Sunday, October 10, 2010

Day 44: Chip Shelton "More What Flutes 4...Live" and Jacky Terrasson "A Paris..."

I missed a chance to name a day, I called the 42nd day the 'Meaning of Life Day,' I should have called yesterday Richard Petty Day. I got nothing for the 44th day.

Chip Shelton
More What Flutes 4.....Live!
There are CDs in here from people I've never heard of who have volumes of work, meaning that they've managed to sustain interest in at least a branch of their work to merit multiple volumes. Usually it's only a 'volume two' and yet I still feel bad that I don't know who these people are--especially since it was kind of my job to know who they were and someone handed me a CD so I would.

But I don't, and I didn't. And I don't know who this guy is despite him apparently having a series of four CD's asking...I'm not sure--if his flute said something? Which flute he should use? It's unclear.

Alright, enough of that.

I was kind of expecting a few things, either another one of those 'world of flutes' type CDs, or something on the 'easy listening' end of the spectrum, or at least cool jazz. I guess it's got some elements of the latter. But that might just be my bias towards the 'mellowing agents' that I think flute and guitar have (despite thinking Roland Kirk's flutes are awesomely funky.) But this is really just straight combo jazz, a little Coltrane, standards like Lester Leaps In.

Well, completely wrong about the album title. I guess not completely wrong, it is his fourth album. But according to the rather sparse liner notes, it's in response to the 'mad-positive' response he got to his previous album 3 Flutes Up where he played three different flutes. So on this he upped the ante. Fair enough. You don't usually get to hear much else other than the 'normal' flute and the piccolo.

This is really kind of good. Apparently not famous enough for Wikipedia. His bio tends to focus on the fact that he plays more than just the normal concert C flute. Released in 2000, this appears to be the last album he put out, at least according to his website. Too bad, I'm kind of getting into this. Flashback is pretty funky.

Jacky Terrasson
A Paris

Yet another Blue Note CD. I wonder how much of the Blue Note catalog I actually have...it has to be significant...it is a large catalog, but still...

Now we get Jacky Terrasson on his own.

This actually got off to a pretty good start with a slow funky groove (I know I call a lot of things funky, it's not because I lack another term but rather I listen to a lot of stuff that is in fact funky.)

These two albums are actually fairly complementary. There's a general lightness to them, a little playfulness in their set up, with some underlying funkiness thrown in and some straight up technical progressive jazz. Both kind of easy to listen to and kind of hypnotize. I feel like both entries are kind of light (I've usually written way more at this stage in the album, I'm already half way through), but that's because I start to just sit back and listen to it.

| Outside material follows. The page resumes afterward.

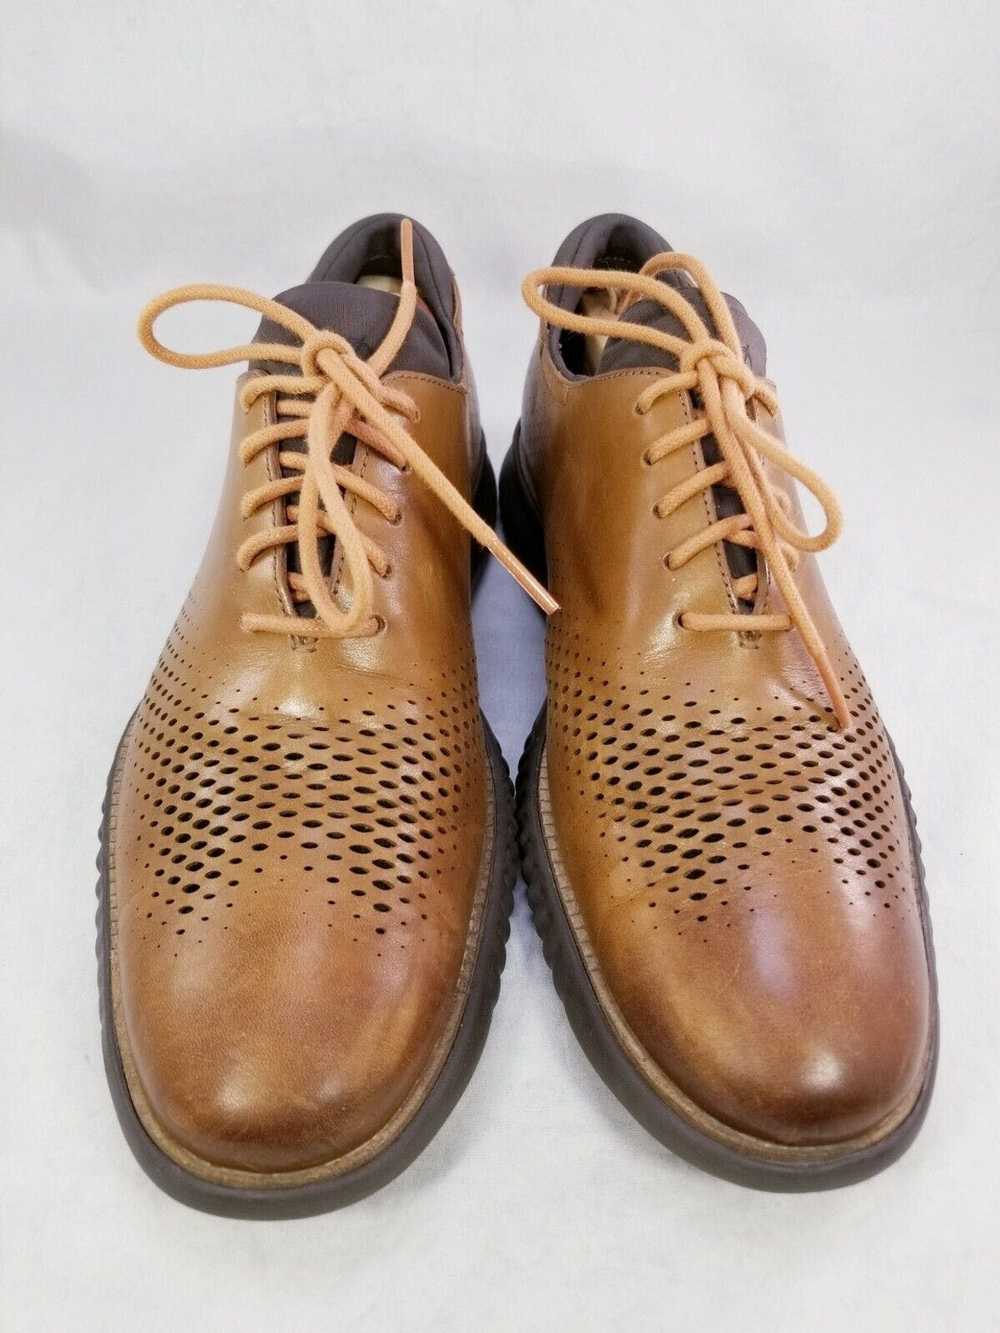 Cole Haan zerogrand 2.0 leather shoes oxfords - image 9

The sad thing is that I don't know that these songs are going to stand out on the iTunes shuffle. Already, at something like 88+ cds having gone into the hard drive when I put it on shuffle there have been songs that have come up where I think, "Where did this come from?" despite having listened to each one and written about it. So out of sheer volume good music like this, music that is just good to listen to, won't necessarily stand out. Rather what is going to grab attention is the bombastic, the weird, the caustic. Those are going to be the tracks where I go, "Oh yeah, I remember that." With this stuff I might think just as the song ends "That was good, who was that again? Ah, too late...next time around." I mean, I already forgot that I already did one Jacky Terrasson album.

This might be a quality shared in the world at large, where there is no time for the good to stand out--only enough for the loud and strange to stand out and be noticed. As a result, I feel like I'm condemning a CD when I merely call it 'good.'

Ah, sweet, La Vie En Rose is the name of that tune they always play when showing Paris. Now I know.

I don't understand the 'fade in'. I don't really like fade outs, but fade ins I don't get at all.

Both albums end with a kind of poppy bit with vocals, even. Terrasson's is a little more upbeat and more likely for me to not associate it with the rest of the album when it comes up on random later.